Eur J Biochem. 1992 Feb 15;204(1):317-26. doi: 10.1111/j.1432-1033.1992.tb16640.x.
In this study, we report on the composition of a photosystem-II antenna preparation which contains three chlorophyll-a/b proteins (CP), CP29, CP24 and light-harvesting complex (LHC) II obtained from Zea mays grana membranes as previously described [Dainese, P. & Bassi, R. (1991) J. Biol. Chem. 266, 8136-8142]. We demonstrate that the three chlorophyll proteins are present in the preparation with a 3:3:9 molar ratio and that they form a supramolecular antenna complex which represents one third of the photosystem-II antenna system. Phosphorylation experiments show that this complex is involved in the mechanism of regulation of excitation-energy distribution between photosystems: phosphorylation of the membranes induces dissociation of the LHCII moiety from the CP29-CP24 moiety and changes in the aggregation state of LHCII components of the CP29-CP24-LHCII complex. The LHCII subpopulations of the complex are shown to be distinct from the total LHCII population by isoelectrofocusing analysis. On the basis of these data and in the light of the stoichiometry of photosystem-II chlorophyll-binding proteins, we propose a model for the organization of photosystem-II antenna system.

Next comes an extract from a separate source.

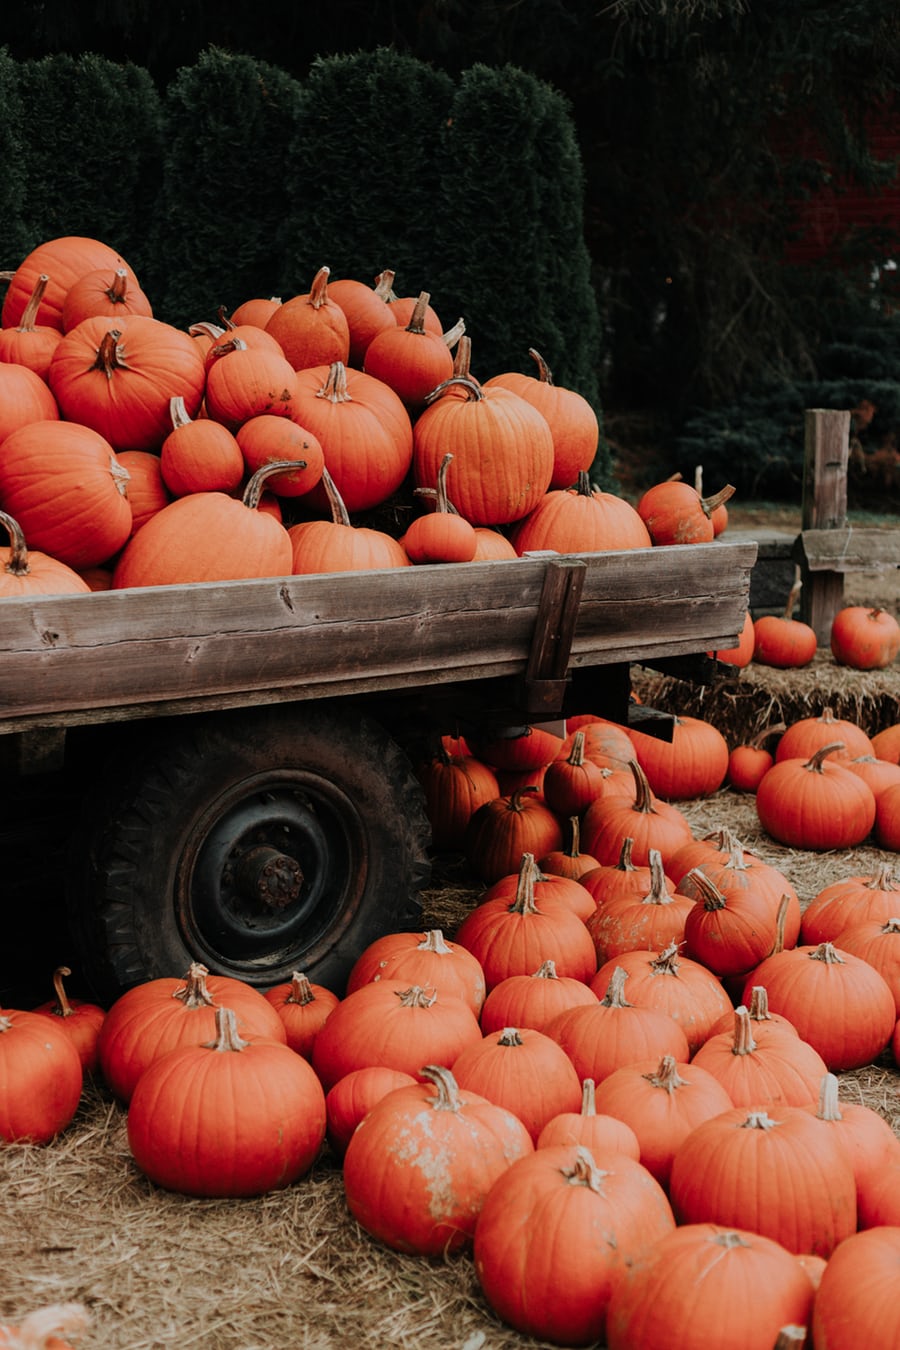  Decorating for Fall with Pumpkins in the garden

在本研究中,我们报告了一种光系统II天线制剂的组成,该制剂包含三种叶绿素a/b蛋白(CP)、CP29、CP24以及如前所述从玉米基粒膜中获得的捕光复合体(LHC)II [达内塞,P. & 巴西,R.(1991年)《生物化学杂志》266卷,8136 - 8142页]。我们证明这三种叶绿素蛋白以3:3:9的摩尔比存在于该制剂中,并且它们形成了一个超分子天线复合体,该复合体占光系统II天线系统的三分之一。磷酸化实验表明,该复合体参与了光系统之间激发能分配的调节机制:膜的磷酸化诱导LHCII部分从CP29 - CP24部分解离,并改变CP29 - CP24 - LHCII复合体中LHCII组分的聚集状态。通过等电聚焦分析表明,该复合体中的LHCII亚群与总的LHCII群体不同。基于这些数据并根据光系统II叶绿素结合蛋白的化学计量关系,我们提出了一个光系统II天线系统的组织模型。